After obtaining the raw sequencing data, low-quality, adapter-polluted sequences and reads with a high content of unknown base (N) were filtered. The clean reads were mapped to an A. flavus reference genome (GCA_000006275.3) using HISAT and Bowtie 2 with default parameters. The gene expression level for each sample was determined with RSEM59. The FPKM (Fragments Per Kb of exon per Million reads) and TPM method were used to calculate and normalize the expression level of genes. The Dr.Tom (BGI) cloud platform was used to generate a transcriptome expression quantitative data matrix. Gene annotation, GO and KEGG enrichment analysis, GSEA enrichment analysis, and WGCNA analysis were also completed in this platform.

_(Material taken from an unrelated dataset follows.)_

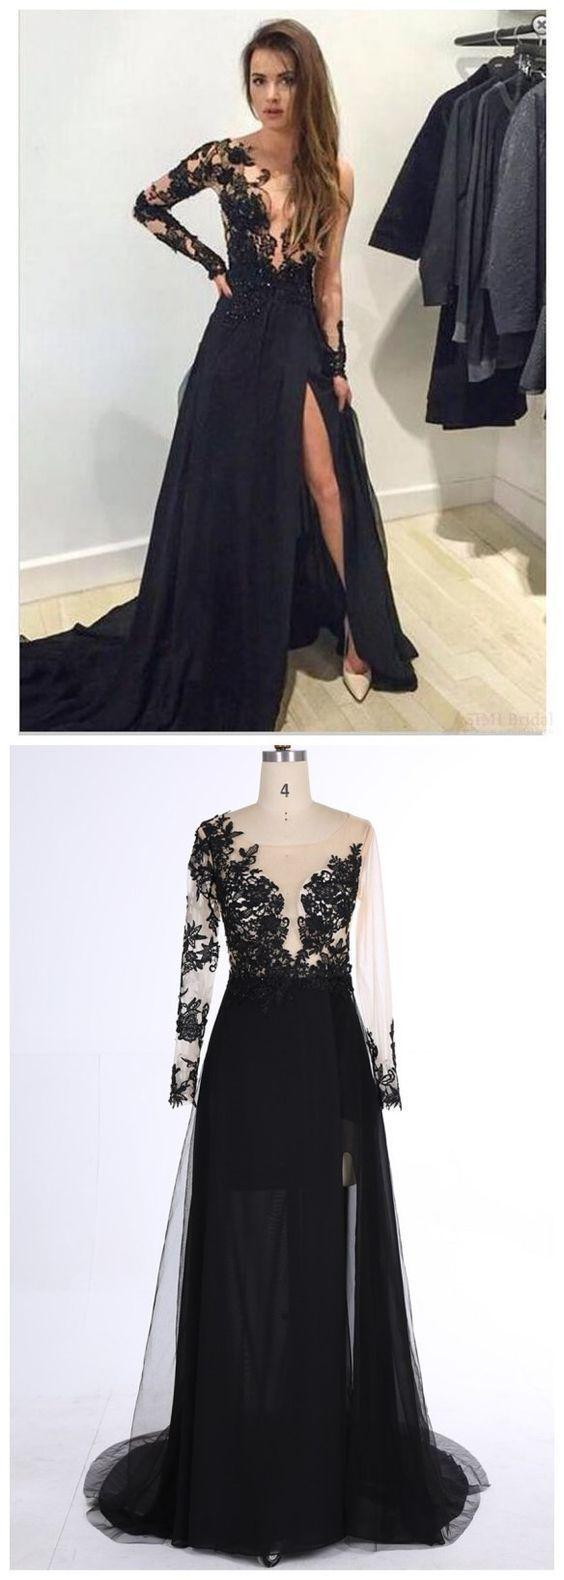 Elegant Black Lace Appliques Prom Dress,One Shoulder Evening Dress,A Line Prom Dress,V Neckline Prom Dress,
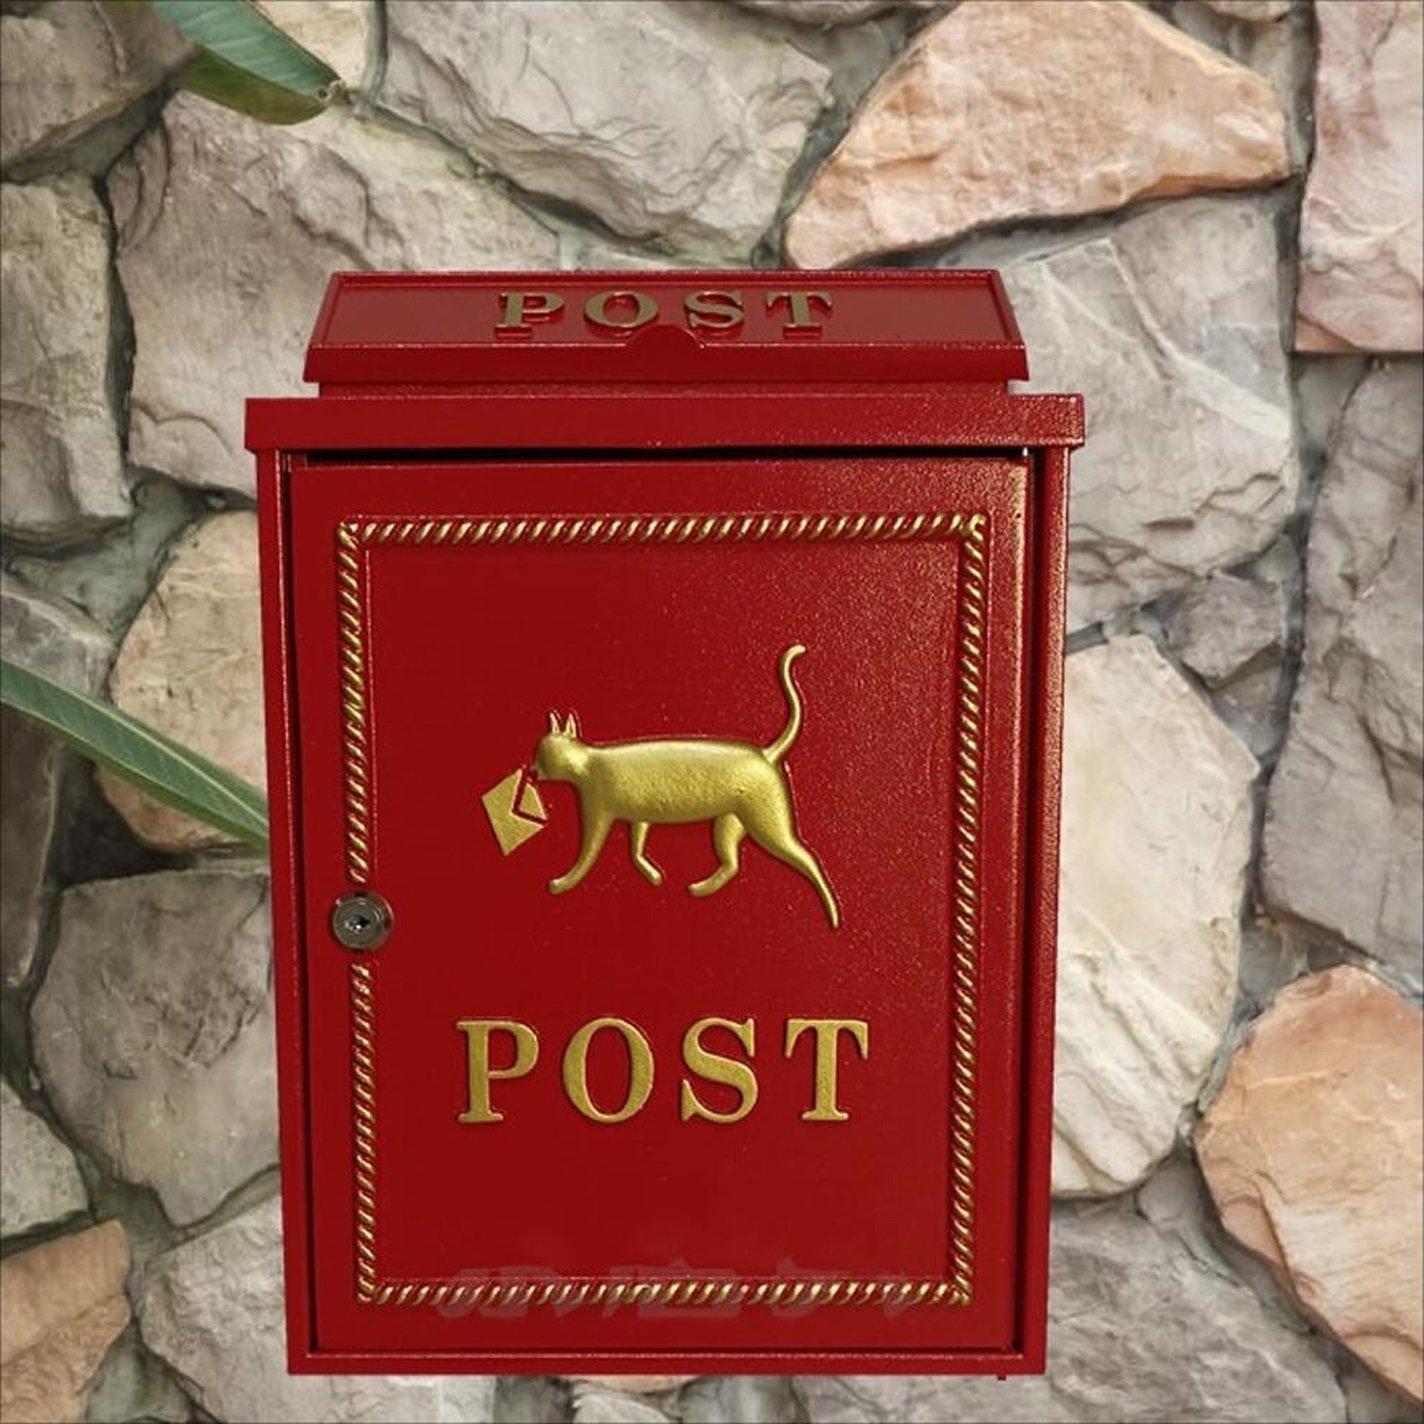 HZB ヨーロッパの郵便箱住宅地区のヴィラルームの外壁用防水レターボックス B07F35C8D9 19067

Filtering, normalization, and statistical analysis of transcriptome quantification data matrix were performed in Expressanalyst60 with default parameters. The log2-counts per million (logCPM) transformation method was used to normalize. Limma61 R package was selected to do the differential expression analysis against a common control of Clade1, pairwise comparisons, and nested comparisons method in simple metadata penel. To perform multi-factor comparison analysis for complex metadata, we leveraged linear models with covariate adjustments of limma for its high-performance implementation in the Expressanalyst60 cloud platform. We executed the plotting in Windows 10 R.4.1.0 environment with the ggplot2 package (https://r-graph-gallery.com/ggplot2-package.html).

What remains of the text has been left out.